As originally conceived, the interface was targeted only at EU3 (MEMS 3) ECUs, however I have since had several requests for help with EU2 ECUs, both VVC (MEMS 2J) and non-VVC (MEM 1.9). Both of these ECUs can be programmed with this interface either by fitting the appropriate ECU connector(s) in place of the EU3 connector, or by making up EU3 to EU2 adapters. In my case, as I had already constructed the loom and didn’t want to start cutting and modifying, I went down the route of making adapters. I used the connectors removed from a couple of old EU3 ECUs, cut off the unused pins at the rear and soldered wires to the used pins, which were then wired onto appropriate 36-way Econoseal connectors for the EU2 ECUs.

In the case of MEMS 2J, one of the earths and the permanent power supply are not required. In the case of MEMS 1.9, only one earth is required and the injectors and coils are connected in parallel in pairs (as there is no cam sensor and a single coil with distributor).

All of the different ECUs behave very similarly whilst programming. With any of the ECUs, you use the key programmer exactly as though it was plugged into the diagnostic socket on the vehicle. I won’t describe the full programming procedure here as it varies from one programmer to another and the programmers are generally fairly simple and intuitive to use and come with instructions.
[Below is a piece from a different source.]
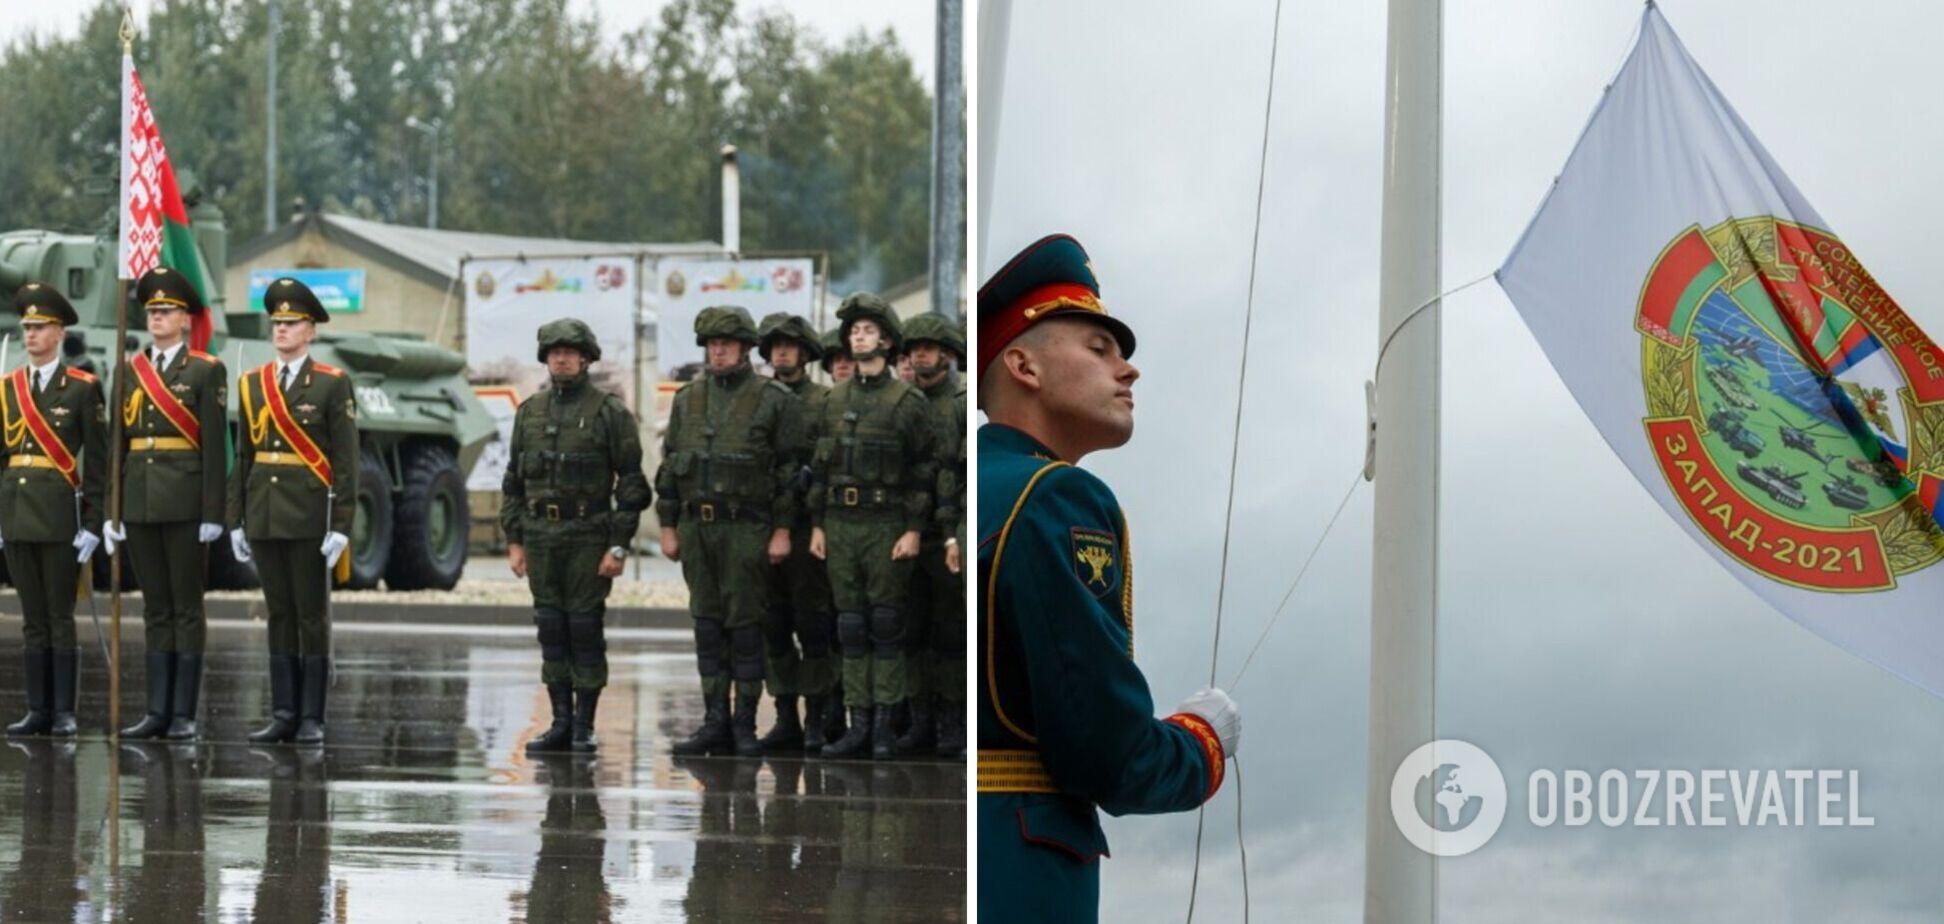 Росія і Білорусь почали військові навчання 'Захід-2021' біля українського кордону. Фото

Start by switching on the power switch on the interface which will also power up the programmer, then follow the usual procedure for the programmer using the ignition switch on the interface when required to turn the ignition on and off as instructed.

The 5AS immobiliser will flash the yellow horn LED once after each key is programmed to acknowledge that programming is complete.
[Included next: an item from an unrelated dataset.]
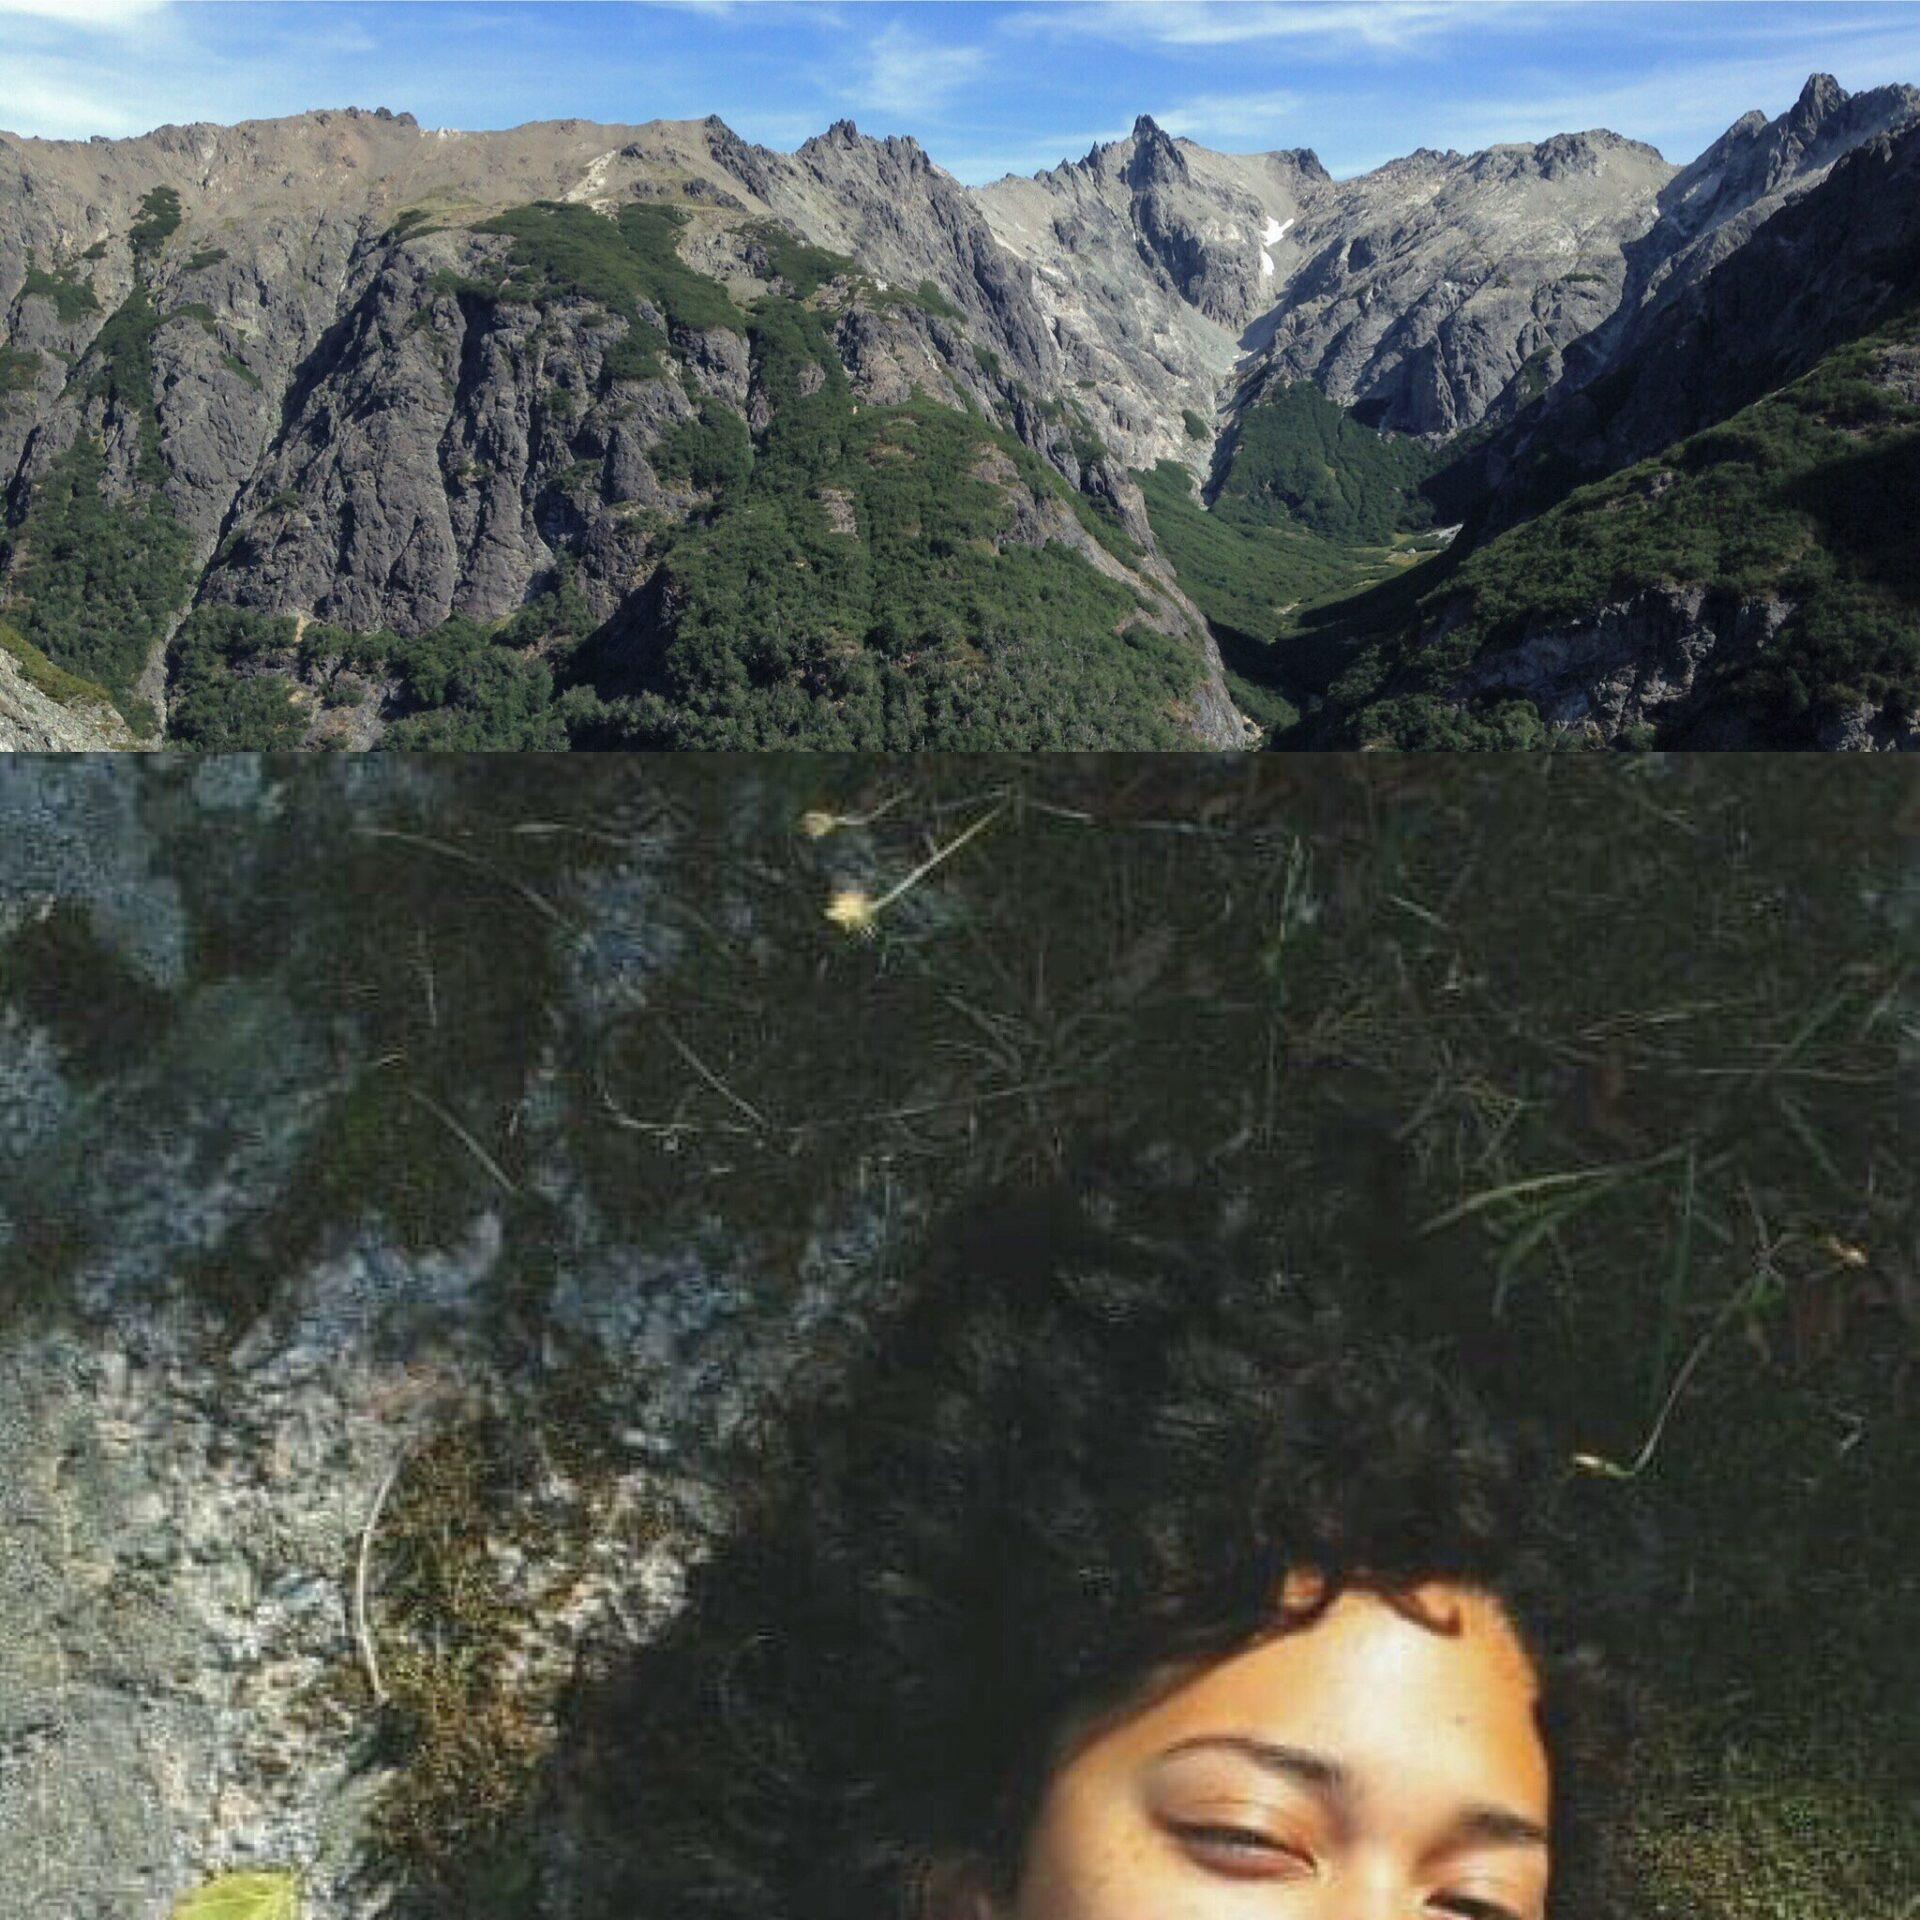 Yläpuolella: vuoria ja sininen taivas, toinen kuva: sammaleella makaava kiharatukkainen nainen.

After programming, the immobilisation status of the ECU can be tested by turning the power and ignition on and then switching on the Crank & Cam Simulator to simulate the engine being started, and watching whether the ECU continues to run the engine by observing the coil and injector LEDs and the fuel pump LED. If the ECU is correctly coded to the immobiliser, it will behave as it would on the car, allowing the engine LEDs to run when the immobiliser is disarmed and shutting it down when the immobiliser is armed. If not, the engine LEDs won’t run at all.
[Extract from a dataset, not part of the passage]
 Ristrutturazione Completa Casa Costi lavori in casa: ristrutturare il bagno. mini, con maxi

A little bit of experimentation also settles once and for all an argument that I’ve had with several people over the years: THE IMMOBILISER DOES NOT DISABLE THE FUEL PUMP! Common wisdom on the Internet has it that when immobilised, the ECU shuts down the fuel pump which kills the engine. This would be far too easy to bypass (I always wonder whether any of the people who keep putting forward this theory have ever tried jumping 12V into the inertia switch connector to force the pump to run to see whether the engine would then run - I can assure you it wouldn’t!). What actually happens is that the ECU shuts down the injectors, leaving the coils firing. You can see this clearly on the test interface as the blue LEDs stop flashing but the white LEDs continue to run normally. Obviously with the injectors shut down, the engine comes to a standstill and the crank sensor signal then stops. The ECU runs the fuel pump purely in response to a crank sensor signal; it doesn’t have to be a clean signal or one that it can synchronise with, anything with occasional zero voltage crossings is enough to get the ECU to run the pump. So when the crank sensor signal stops, the ECU shuts down the fuel pump a fraction of a second later. When running on this interface, even after immobiliser causes the ECU to shut the injectors down, the fuel pump LED remains lit for as long as a crank sensor signal is applied. So the pump stops because the engine stopped, not the other way around. On my car I have an inline fuel pressure gauge in the high pressure hose, and when the engine stops because of the immobiliser the fuel rail is left full pressurised rather than exhausted.